In one possible embodiment, S4 specifically includes:
S401, acquiring an original ROS image message sent by a real environment.
Among them, ROS Image (ROS Image) refers to a message format for representing and transmitting Image data in a robot operating system (ROS, robot Operating System). ROS images are commonly used in robotic vision systems, where image data captured by cameras or other sensors may be published, subscribed to, and processed in the ROS network.
S402, converting the original ROS image message into an OpenCV image format.
OpenCV (Open Source Computer Vision Library) is an open source computer vision library, which is widely used for real-time image processing and computer vision tasks. The system provides rich functions and tools, and supports applications such as image and video processing, analysis, recognition and the like.
S403, designating the data type of the converted image as 32-bit floating point number, and adjusting the image size to 256 pixels in height and width.
S404, storing the original ROS image message into an observation data queue through a callback function.
Wherein the callback function (Callback Function) is a programming technique for executing a predefined function upon occurrence of an event. Callback functions are a mechanism for handling asynchronous operations, event-driven programming, and responsive programming. It is widely used in many programming languages and frameworks
S405, judging whether the observation data queue is empty. If yes, continuing the training process of the simulation environment data. Otherwise, the real environment data is taken out from the observation data queue and is used as the data set together with the simulation data to complete the updating of the strategy.
In the invention, the integration of real environment data into the training process helps to narrow the gap between simulation and reality. By including the sensor readings and the environment layout information of the real environment in the training set, the model can learn the actual situation in the real environment, thereby better coping with the real challenges that the simulation environment cannot be completely simulated.
S406, obtaining integer action data through calculation of an Actor-Critic network.
According to the invention, the action data is migrated from the simulation environment to the real environment through the calculation of the Actor-Critic network, so that the action execution of the robot in the real environment is consistent with the simulation. Thus, the strategy learned by the model can be accurately realized in a real environment, and errors caused by action differences are reduced.

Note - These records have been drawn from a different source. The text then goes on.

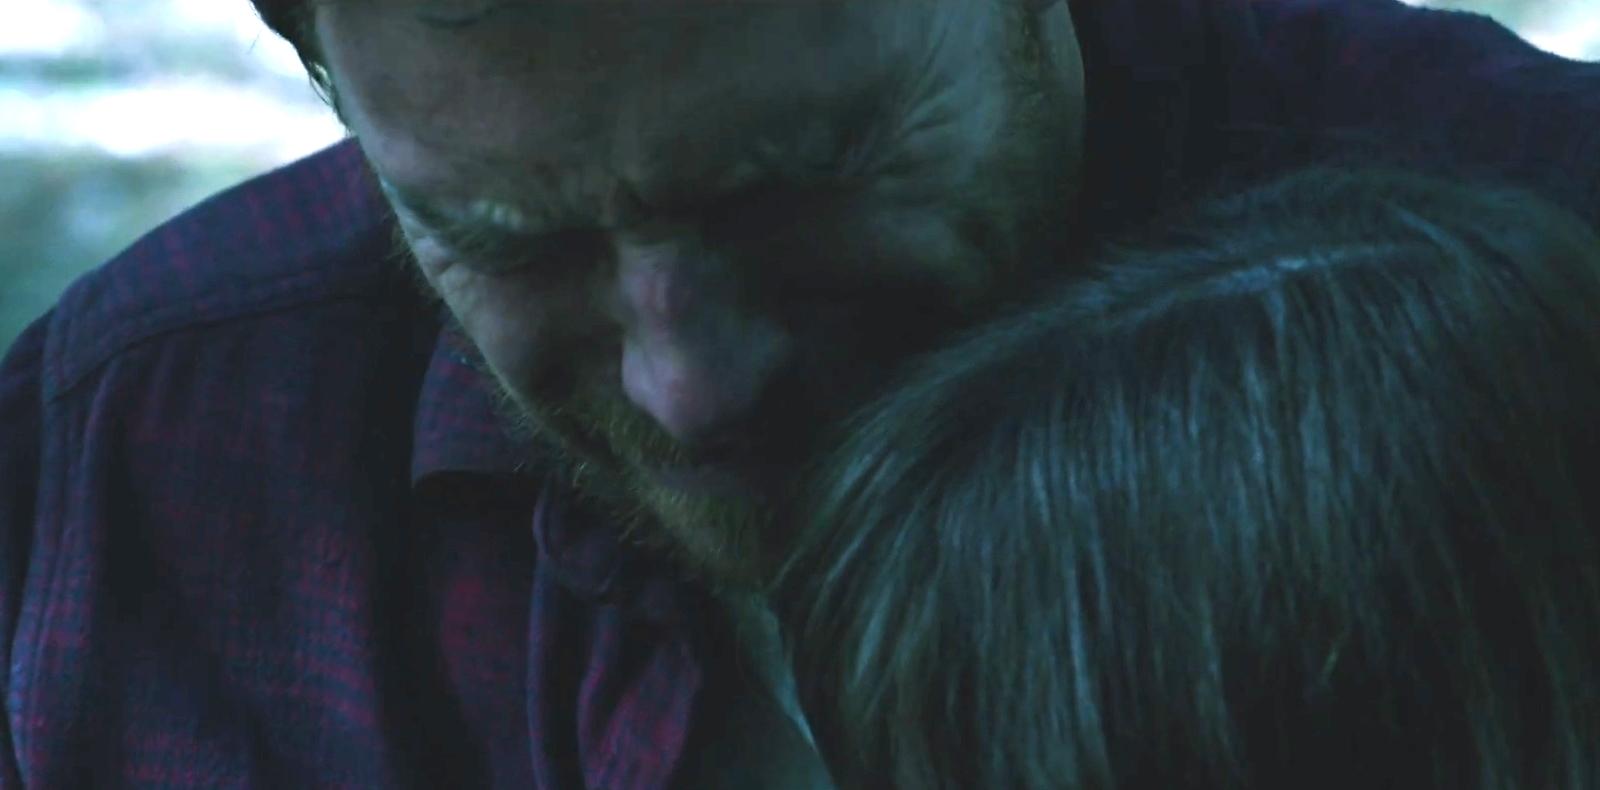 Michael Fassbender as Magneto in X-men: Apocalypse
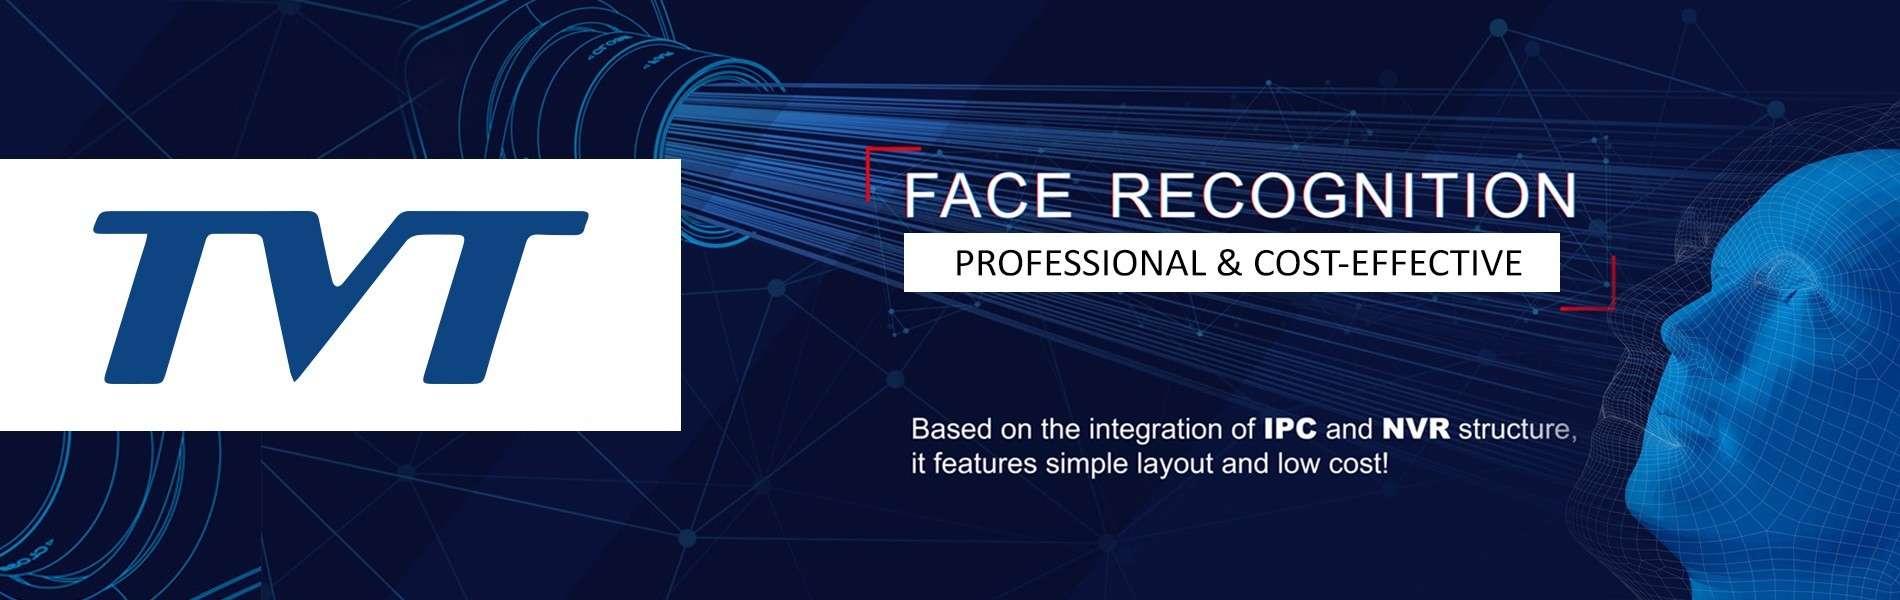 TVT FACE RECOGNITION SYSTEM
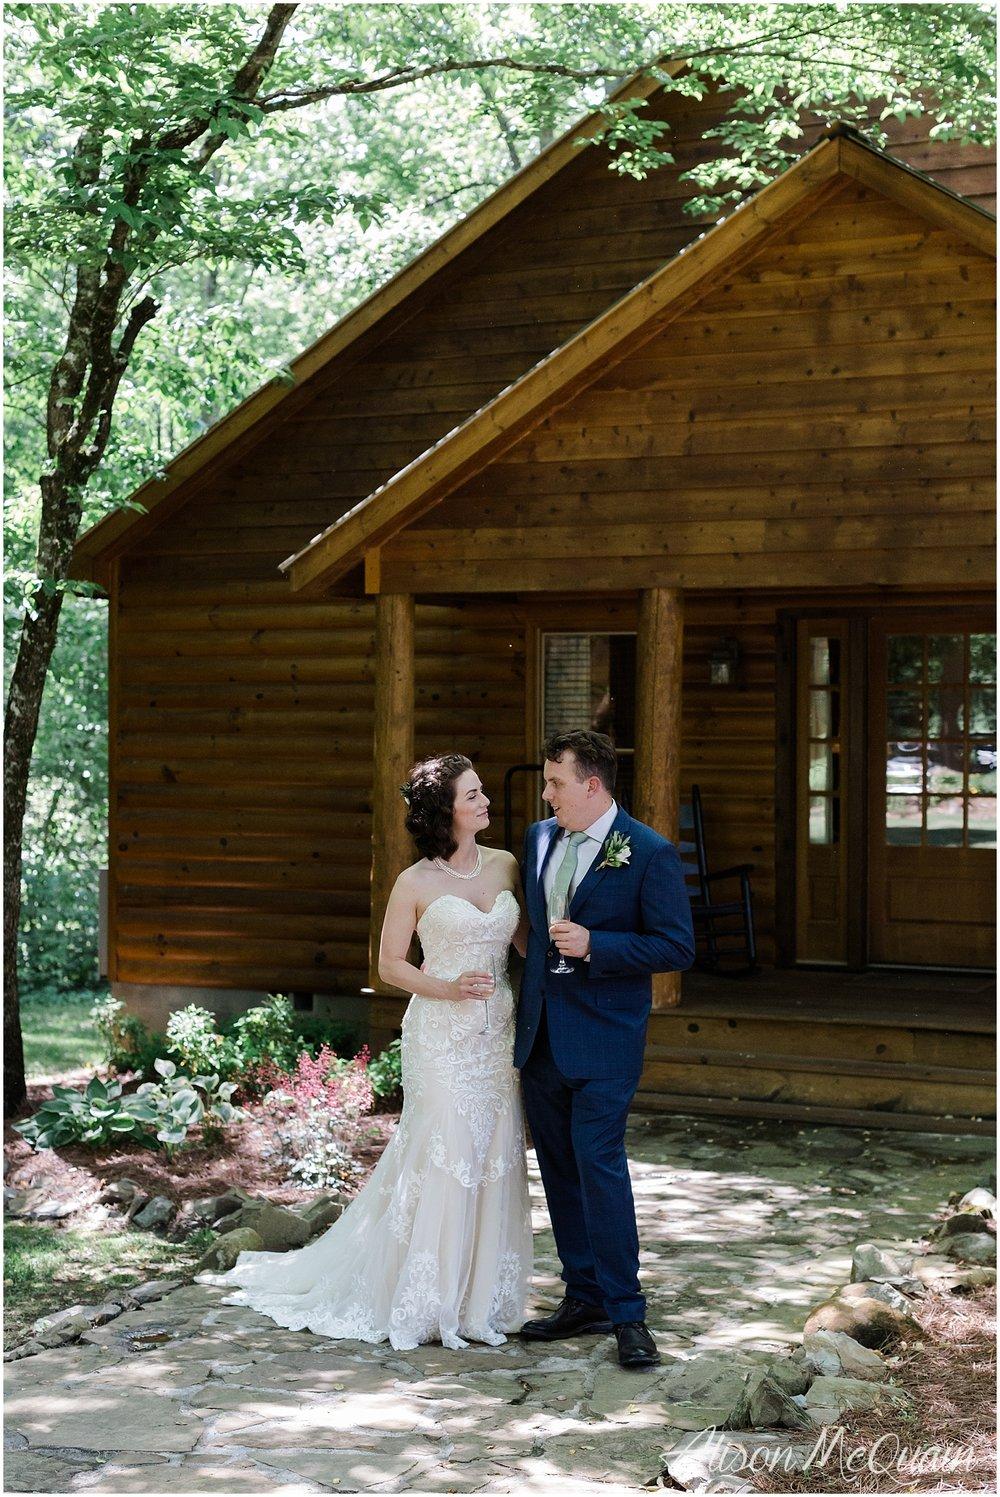 2018-05-23_0003LandC_wedding_dancingbearlodge_townsend_tn_amp.jpg

And S407, transmitting the action data to the real environment so that the robot in the real environment executes the action data and updates the environment state.

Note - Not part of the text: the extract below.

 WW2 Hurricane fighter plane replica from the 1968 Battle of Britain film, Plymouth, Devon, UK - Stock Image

In the Sim2Real model construction method based on reinforcement learning, a joint training strategy is adopted. In particular, the simulation environment can quickly provide a large amount of data for efficient training of reinforcement learning, while the real environment provides critical correction data. By training the model on a large scale in a simulation environment, in combination with small scale fine tuning in a real environment, the model can be optimized simultaneously in both fields, thus performing better in the real world. The method of field self-adaption is introduced to realize alignment of simulation and real state distribution, and the simulation state gradually approaches to the real state, so that the difference in distribution is reduced.

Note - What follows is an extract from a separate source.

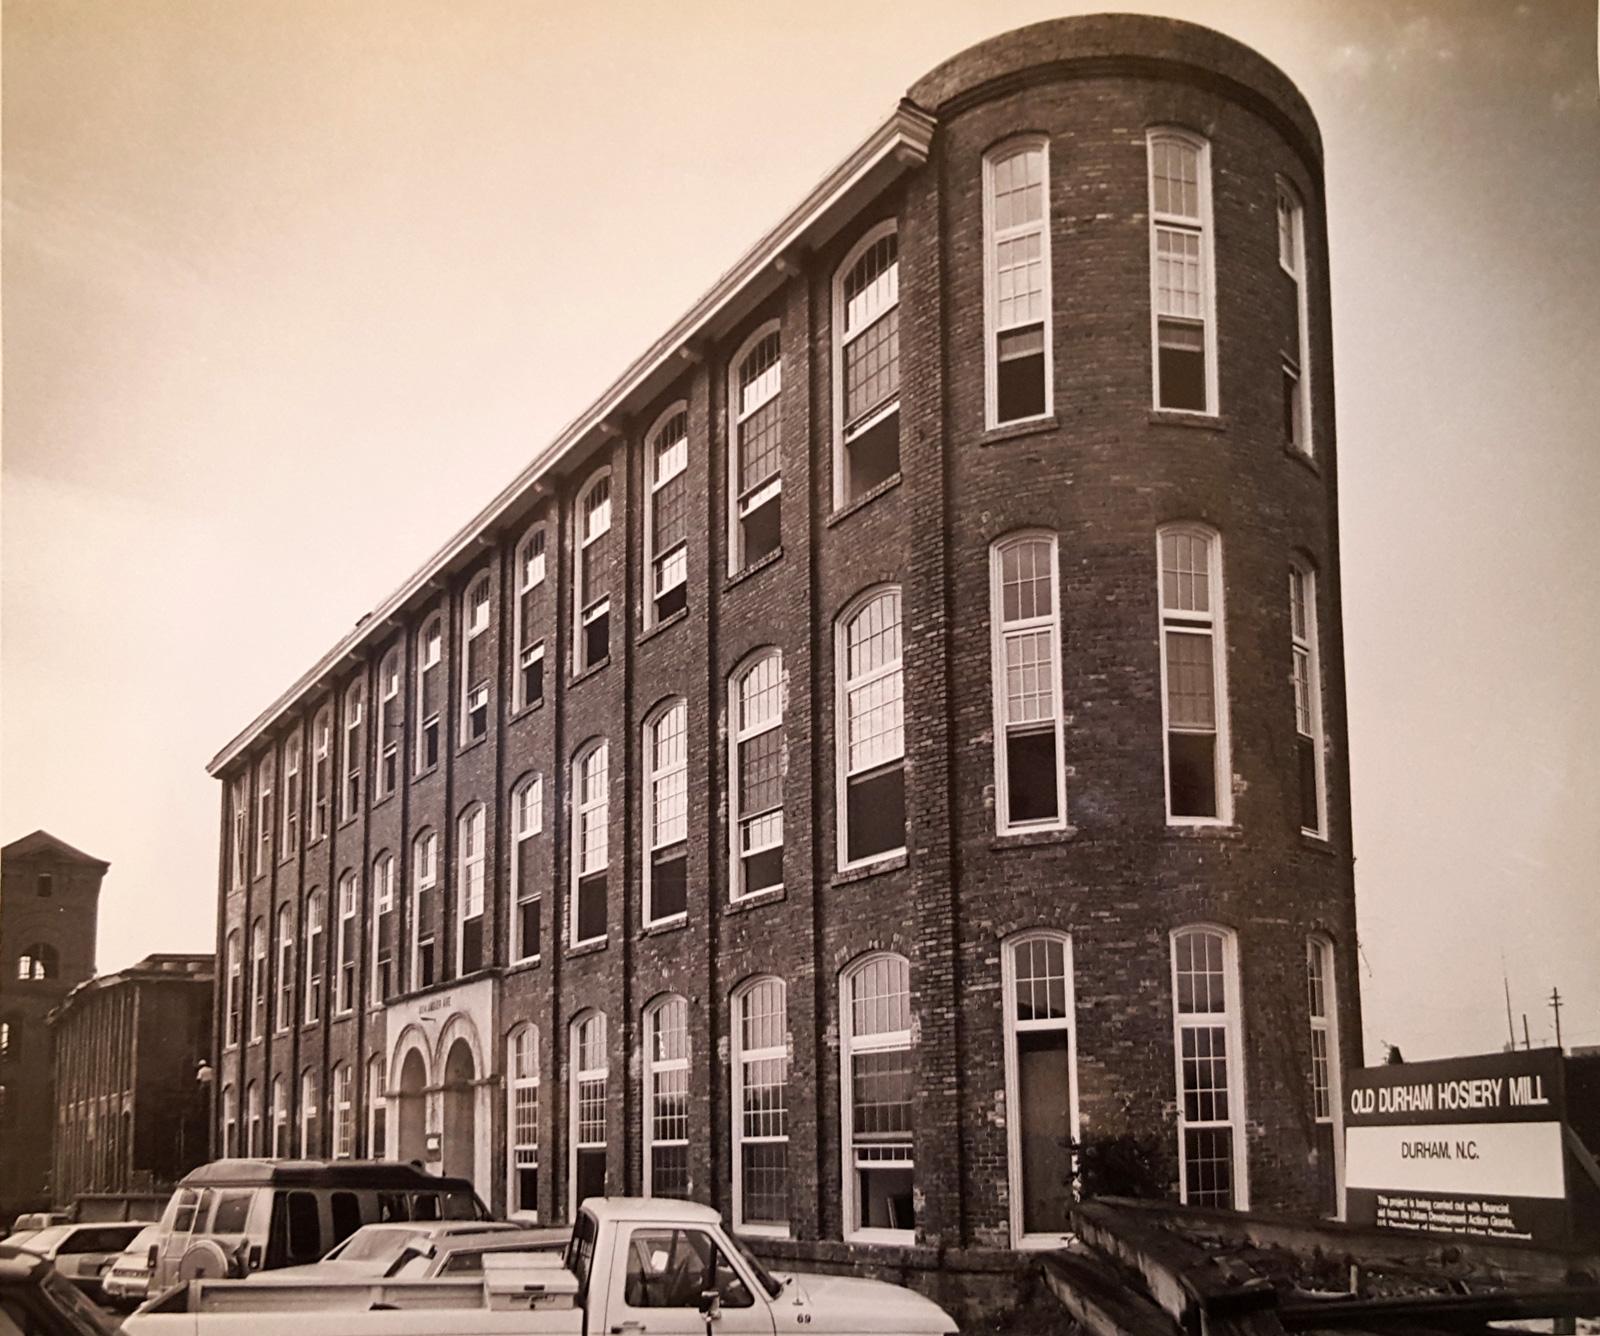 Old Durham Hosiery Mill

The state space represents the current state of the system and is used for quantifying the difference between the simulation environment and the real environment. In this process, the state space includes a plurality of evaluation metrics reflecting the degree of discrepancy between the simulation and reality. The set state space is S, which can be expressed as:
S={ES,Er}
Wherein S represents a state space, E S is an evaluation index of a simulation environment, and E r is an evaluation index of a real environment.
The state space consists of the speed v s of the robot in the simulation environment, the angle θ s, the sensor data d s and the corresponding data (v rr,dr) in the real environment. The state space not only contains the attribute of the robot in the simulation environment, but also contains the comparison result with the real world, and the accuracy of the simulation model on different indexes is quantized.
The design of the action space is directed to how to adjust parameters in the simulation environment to reduce the gap between simulation and reality. The action space is set to a, expressed as:
A={a1,a2,…,am}
Where a denotes an action space, a j denotes a j-th action in the action space, j=1, 2..m, and m denotes the total number of actions.
Each a j represents a specific parameter that can be adjusted, and by changing these parameters, the performance of the simulation environment is affected, thereby affecting the adaptability of the Sim2Real model to the Real scene.
In the training of Sim2Real, the design of the bonus function is related to the goal of minimizing the weighted differences between the simulation environment and the Real environment. The difference between the simulation and the real environment at different moments is measured by introducing a time dimension so as to help the model adapt to the environment in long-time dynamic change, and a reward function is set as follows:
Wherein R represents a reward function, T represents the time span of the whole task, omega i represents the weight of the ith index, n represents the total number of indexes, E s (i, T) represents the value of the ith index at the time T in the simulation environment, and E r (i, T) represents the value of the ith index at the time T in the real environment.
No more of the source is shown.